In your wiki, you should maybe mention that you had some difficulty generating the data, thus without data, you can not expect a proper training.

Also, there is currently a docker file in the project for the training part, but none for the dataset generation, which could be a nice add-on/documentation for the installation process.

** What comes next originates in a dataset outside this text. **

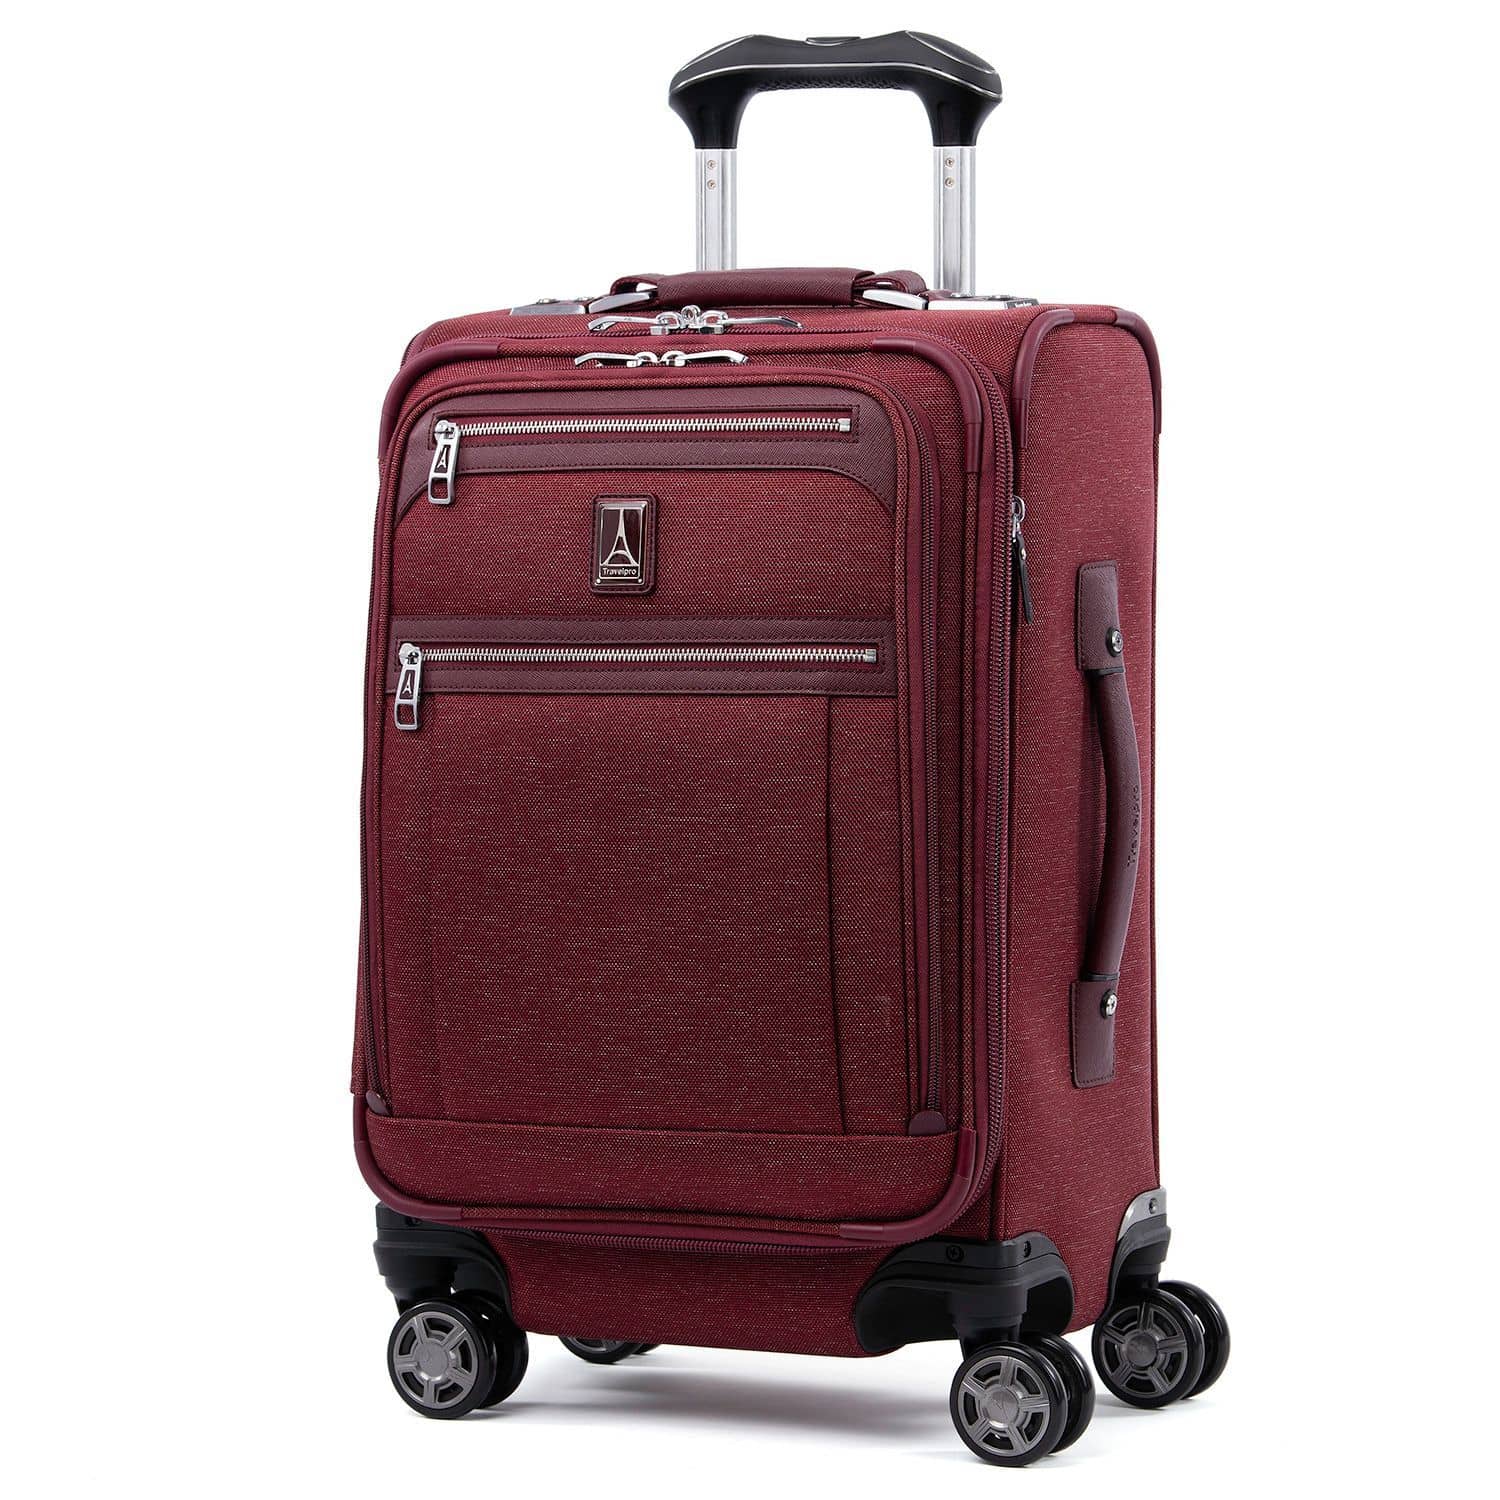 Travelpro Platinum Elite Carry-On Business Plus Spinner Luggage in Bordeaux Red | Travel Suitcase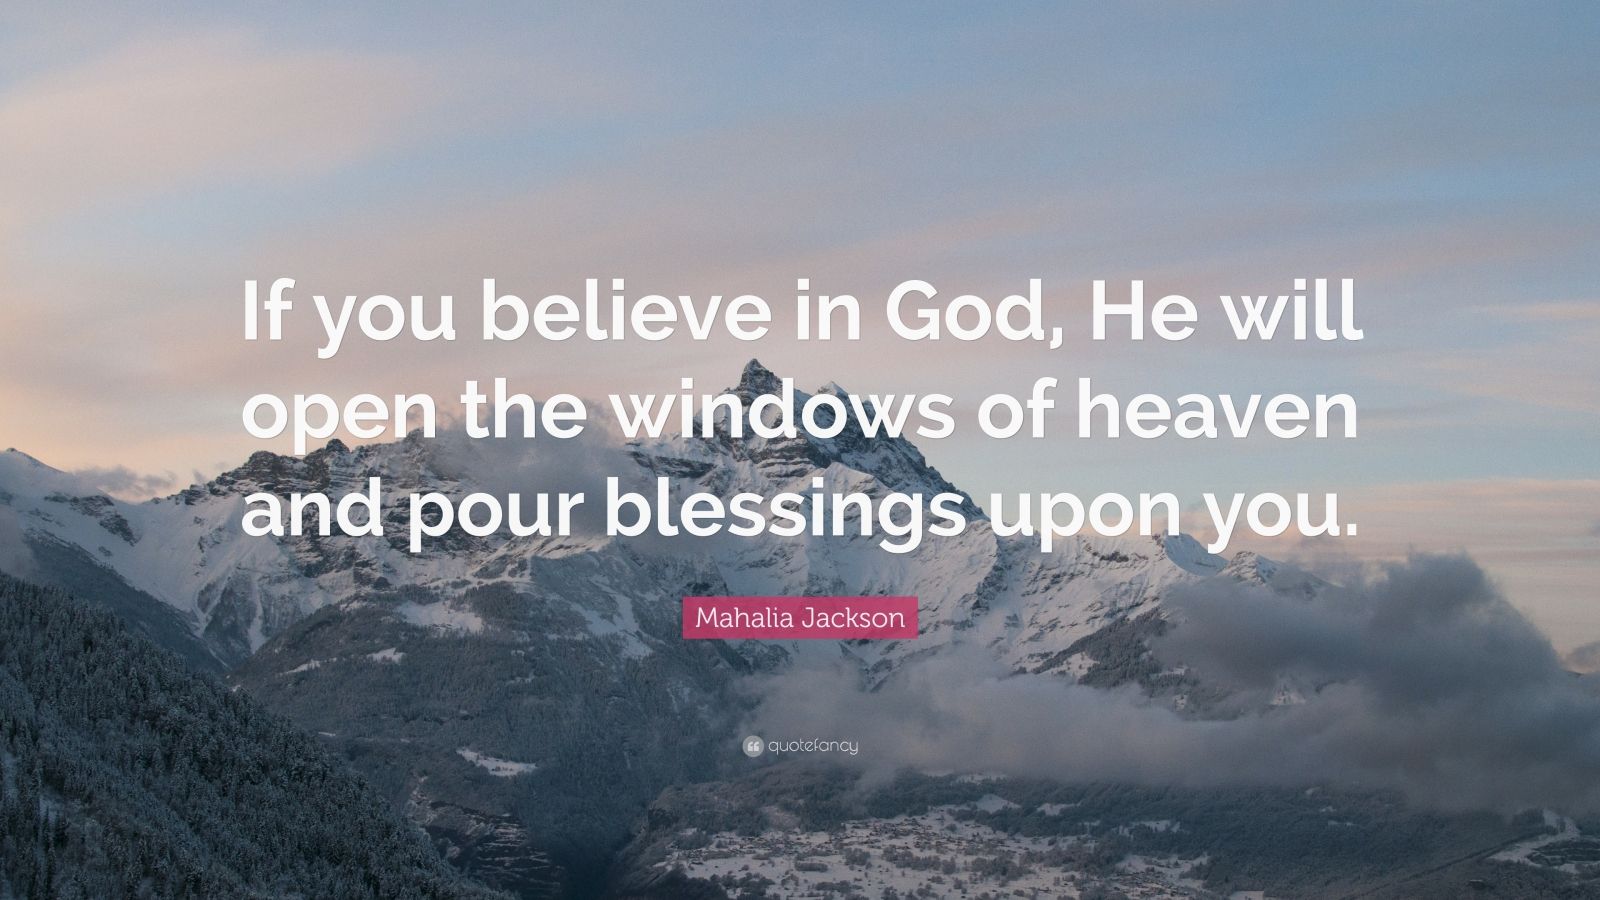 Mahalia Jackson Quote: “If you believe in God, He will open the windows ...

Myzhencai commented 6 years ago

i yesterday have generated the docker images for almost all the dependences but I failed to commit it ,just a few days (tomorrow I will go back home from school,)I will push it to the docket hub and share to you . It is just based your docker images

Myzhencai commented 6 years ago

@MathGaron same things happen even changed the version to 0.4 maybe i need to modify the plyfile

Myzhencai commented 6 years ago

@MathGaron I just installed the dependences for the plyparser.py and test it with the file in this part : https://github.com/mingliangfu/deeptracking/blob/master/tests/data/basic.ply and this part : https://github.com/mingliangfu/deeptracking/blob/master/tests/data/basic_color.ply and the first one is normal but the second one is weired , maybe you can have a test .here is the result of mine:plyfile version 0.4 screenshot from 2018-02-01 21 59 37 screenshot from 2018-02-01 22 01 18 screenshot from 2018-02-01 22 02 29

Myzhencai commented 6 years ago

@MathGaron hi , thanks for help I finally find that it is the version of numpy that make the issue ,we can not just pip the numpy because the numpy=1.14.0 will make the error . have a nice day

MathGaron commented 6 years ago

Ok good catch, I will document this. Thank you for the update!